> _WORK INSTRUCTIONS_
The listing that follows should be copied in full and exactly, with no pictures.

> _THE DATA_
+ + + + +

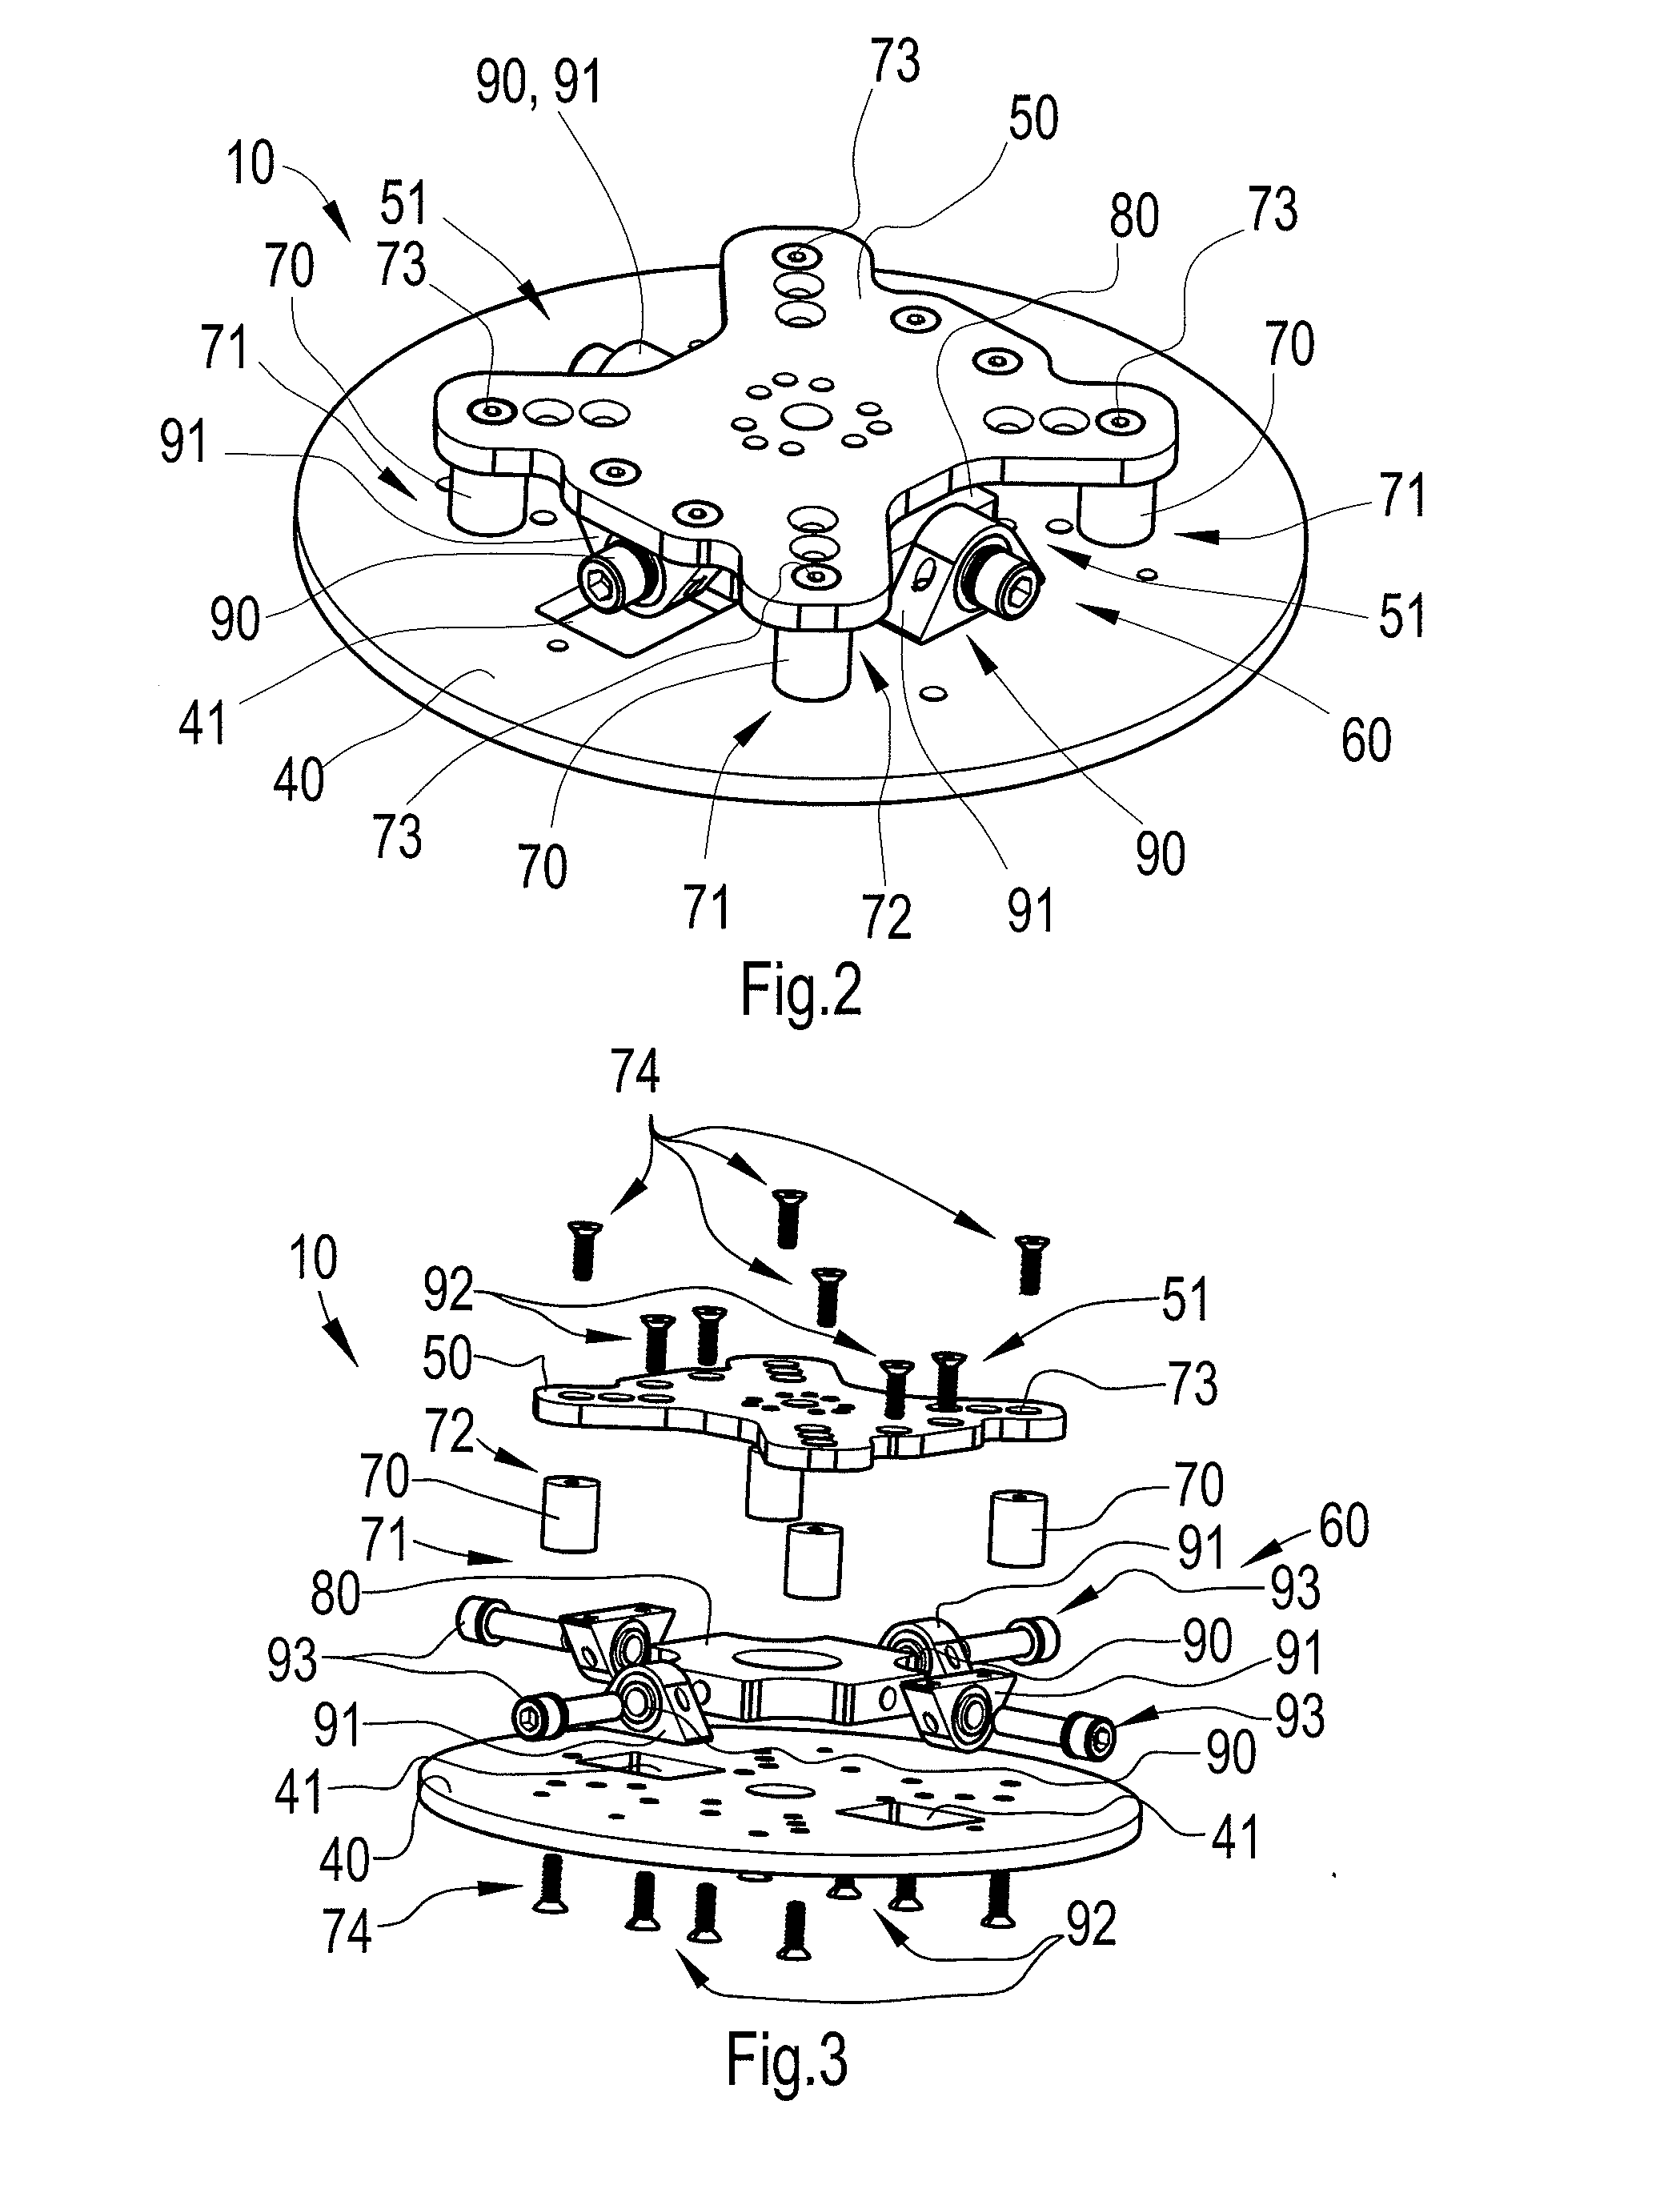 Grinding holder in a machining device
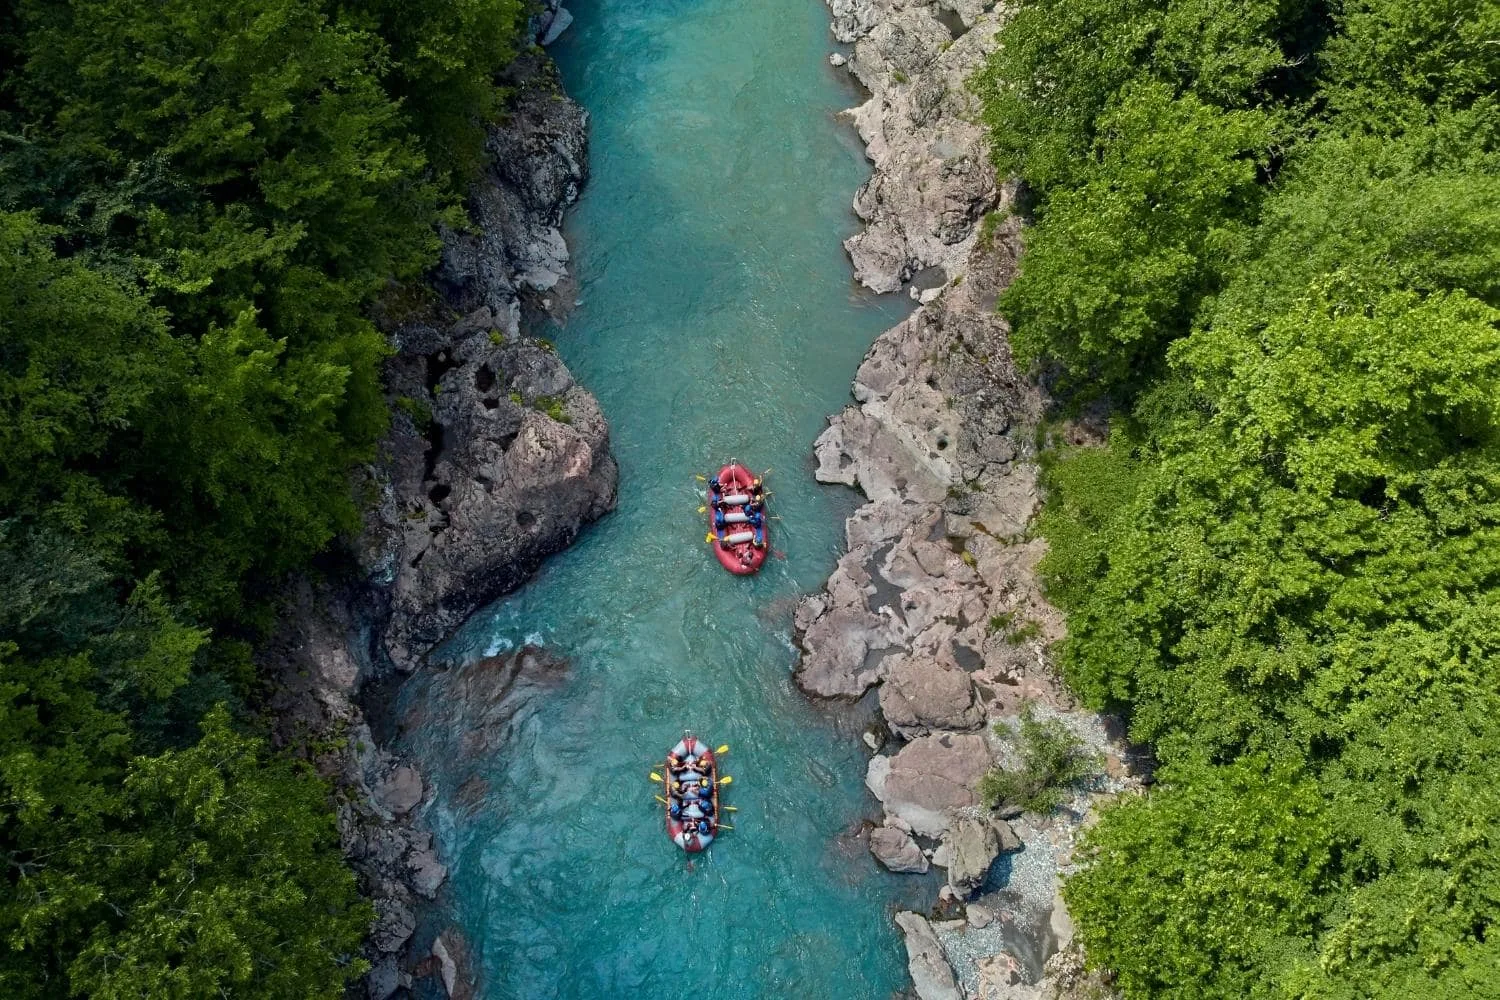 People going white water rafting down a river
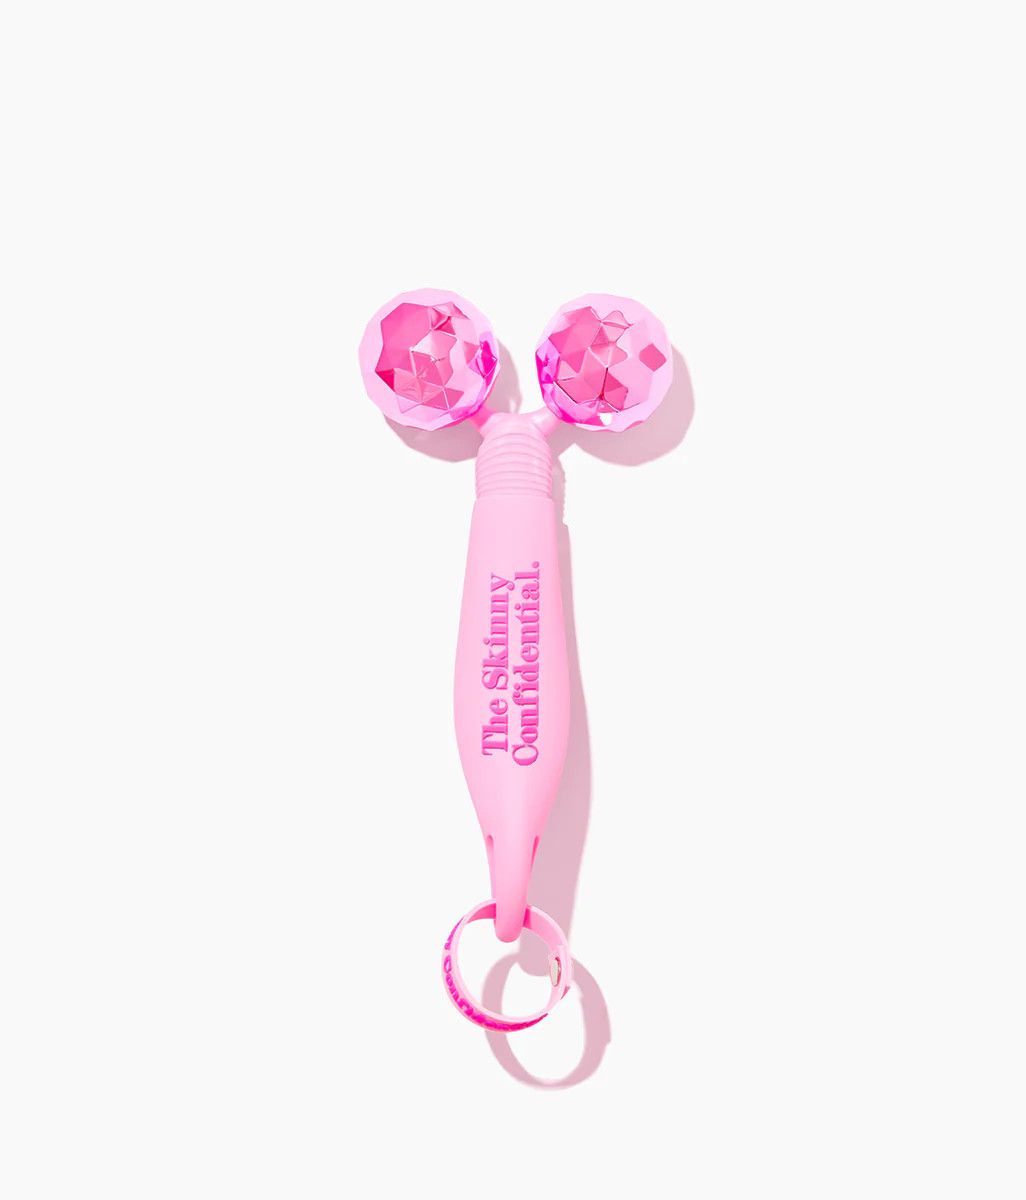 PINK BALLS FACE MASSAGER | The Skinny Confidential

+ + + + +

> _TASK RESULT_
 Grinding holder in a machining device
 People going white water rafting down a river
 PINK BALLS FACE MASSAGER | The Skinny Confidential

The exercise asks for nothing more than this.